Chart done on hourly timeframe. Financial institutions are set to report earnings this week, which means it’s the start of earnings season. Industry leaders such as: JPMorgan Chase, Citigroup, Well Fargo…etc. will update markets on their Q3 performance. Their earnings last quarter surprised investors with better than expected numbers, but analysts are on edge this quarter as weak stock and bond market performance can have an impact on their bottomline. Banks already experienced volatility in the first half of 2023, so investors want to see them at least come in line with expectations to avoid further uncertainty. 

Other earnings in focus this week are expected from PepsiCo, Delta Airlines, and United Health. All three of these names hold heavy weight in different sectors and industries, so their earnings can give us an insight of what to expect from their peers in the coming weeks as more earnings unfold. Wall Street upped corporate earnings expectations last week, but there is still pessimism in the guidance issued by many companies in the S&P. As these companies report, we’re paying close attention to what their forward guidance looks like as they head into the fourth quarter, typically the strongest quarter of the year. 

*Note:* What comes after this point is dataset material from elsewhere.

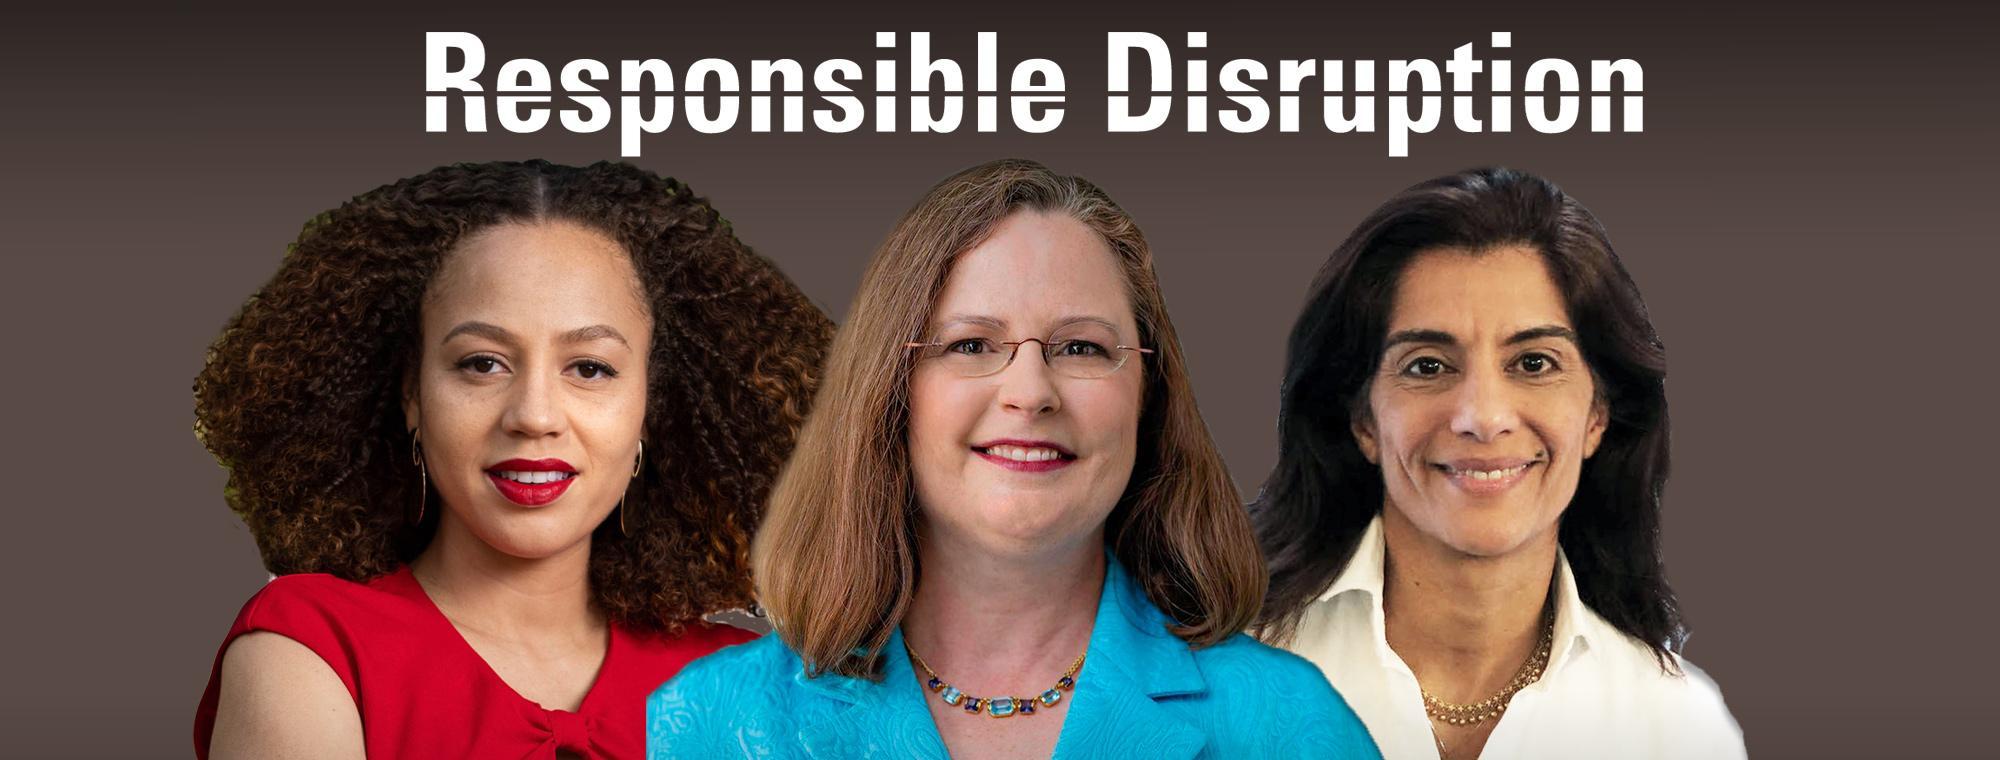 Responsible Disruption (3 speakers)
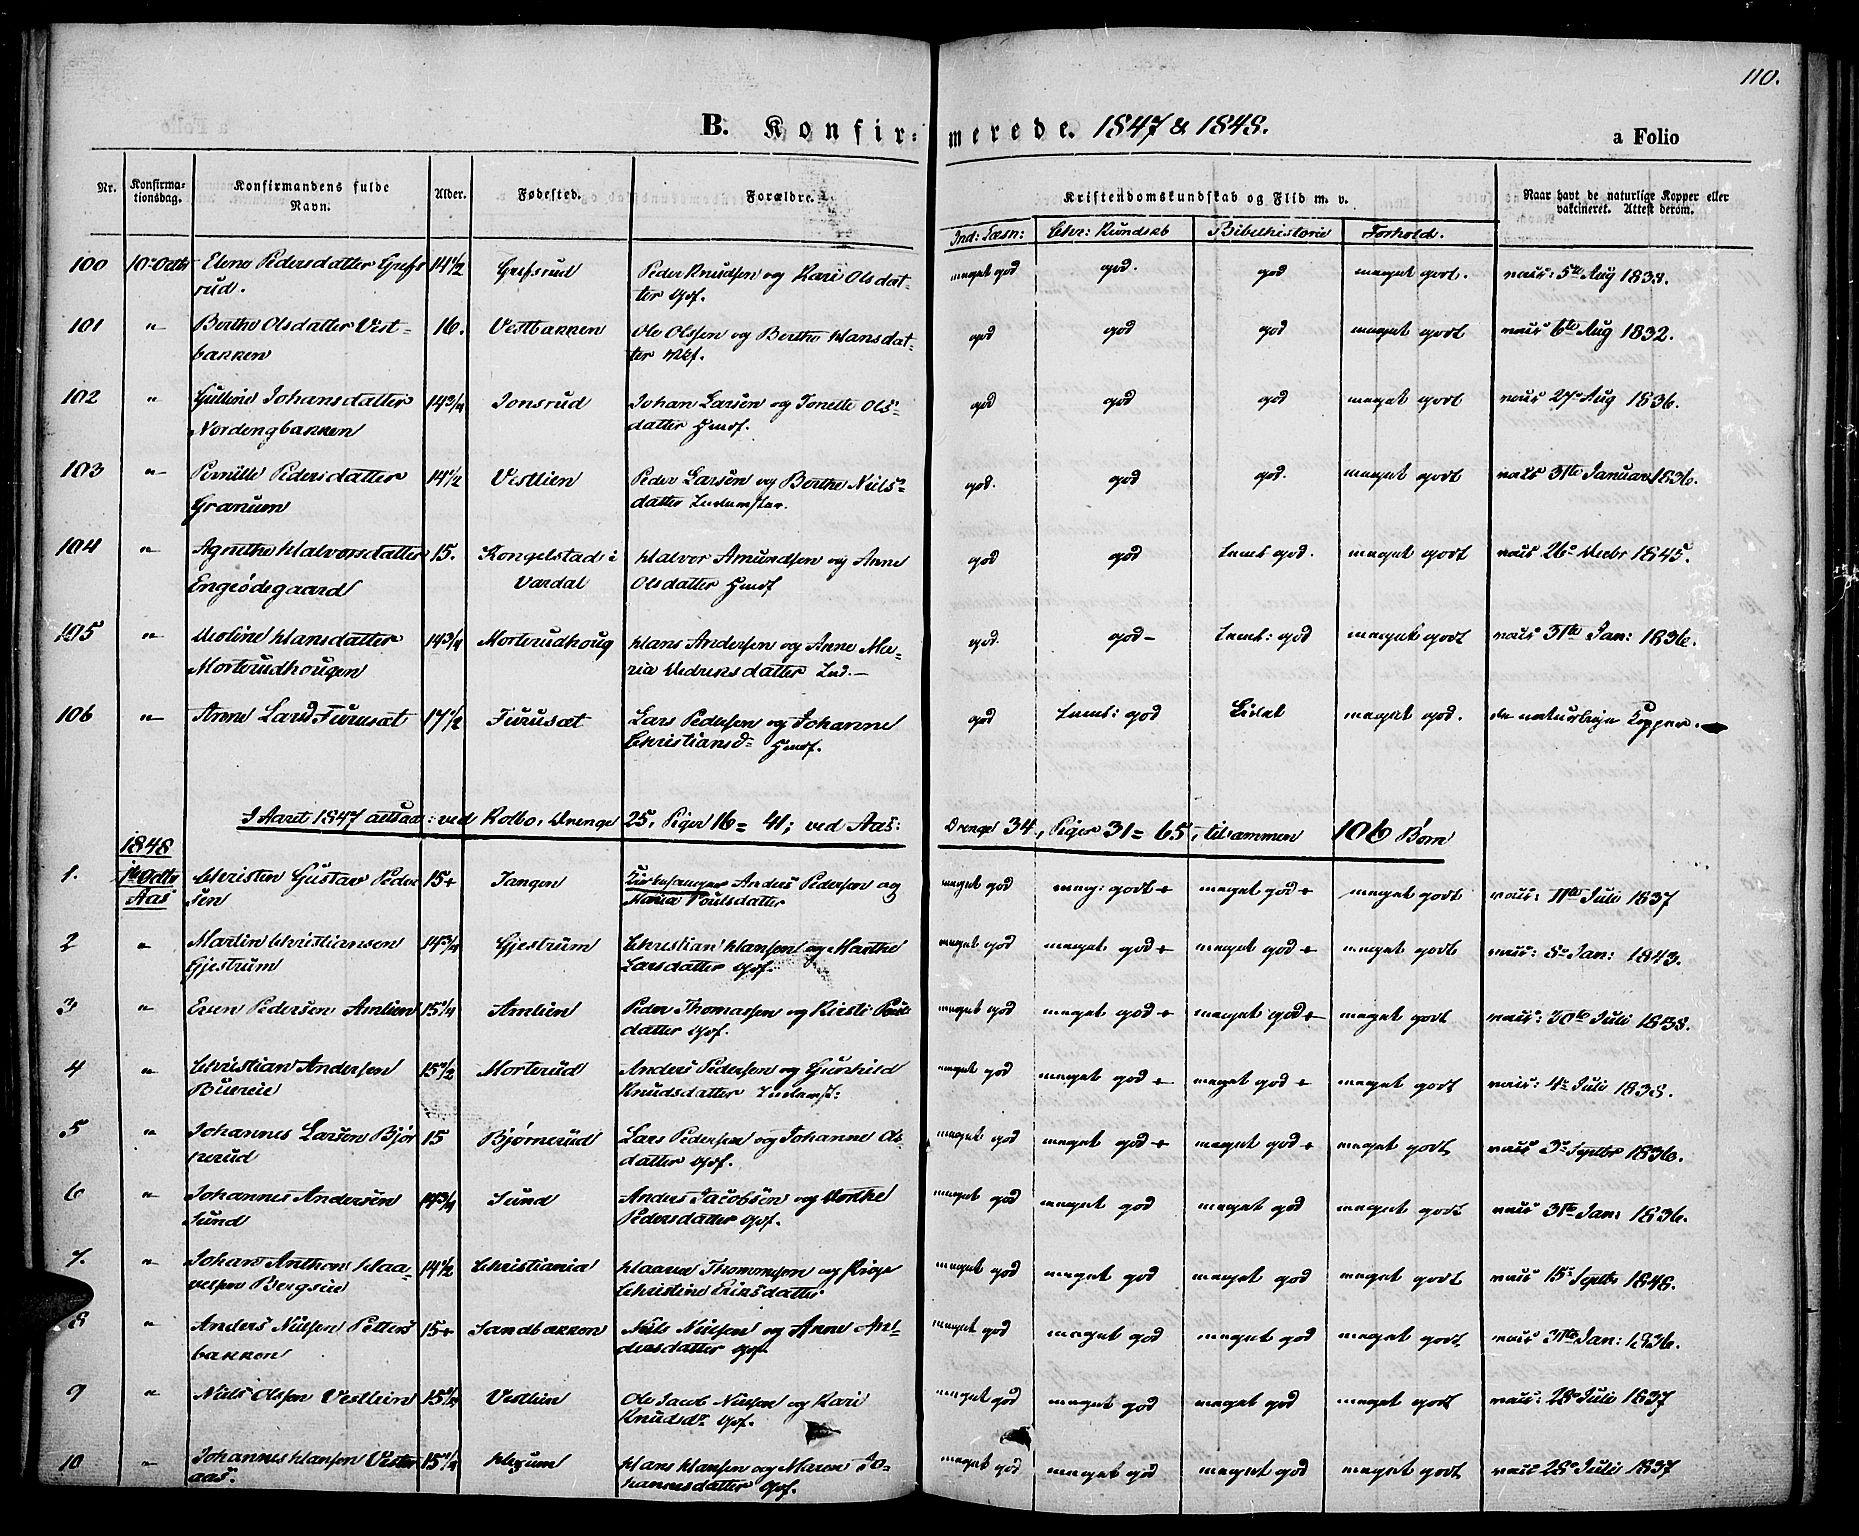 SAH, Vestre Toten prestekontor, H/Ha/Haa/L0004: Ministerialbok nr. 4, 1844-1849, s. 110

More inflation data is also set to report this week as the CPI and PPI reports give an update on prices from the consumers’ and producers’ standpoint in September. CPI inflation reading declined from a high of 9.1% in June 2022 to a low of 3% in June 2023, but for the last three months it has climbed back to 3.7%, away from The Fed’s target rate of 2%. Lingering inflation can cause The Fed to hold interest rates at their current high rates for a longer period, which causes stock market instability. Many companies rely on borrowing money to grow their workforce and for their research and development, so a high interest rate environment makes it more difficult and more expensive to borrow money, which hinders growth. 

Technical analysis:

SPY buyers were able to regain the overnight uptrend and close SPY above 430.00 on Friday, but the weekend developments from Palestine and Israel may have some impact to start the week. If markets do pull back, SPY will need to defend the 425.00-426.00 support for it to remain strong and of course, a close above 430.00 is preferred. The next resistance SPY is facing is 434.00, above that level we can see a gap fill to 438.00. If buyers fail to defend the 425.00 support, then the next downside support is 418.80-420.00, which will get ugly if broken.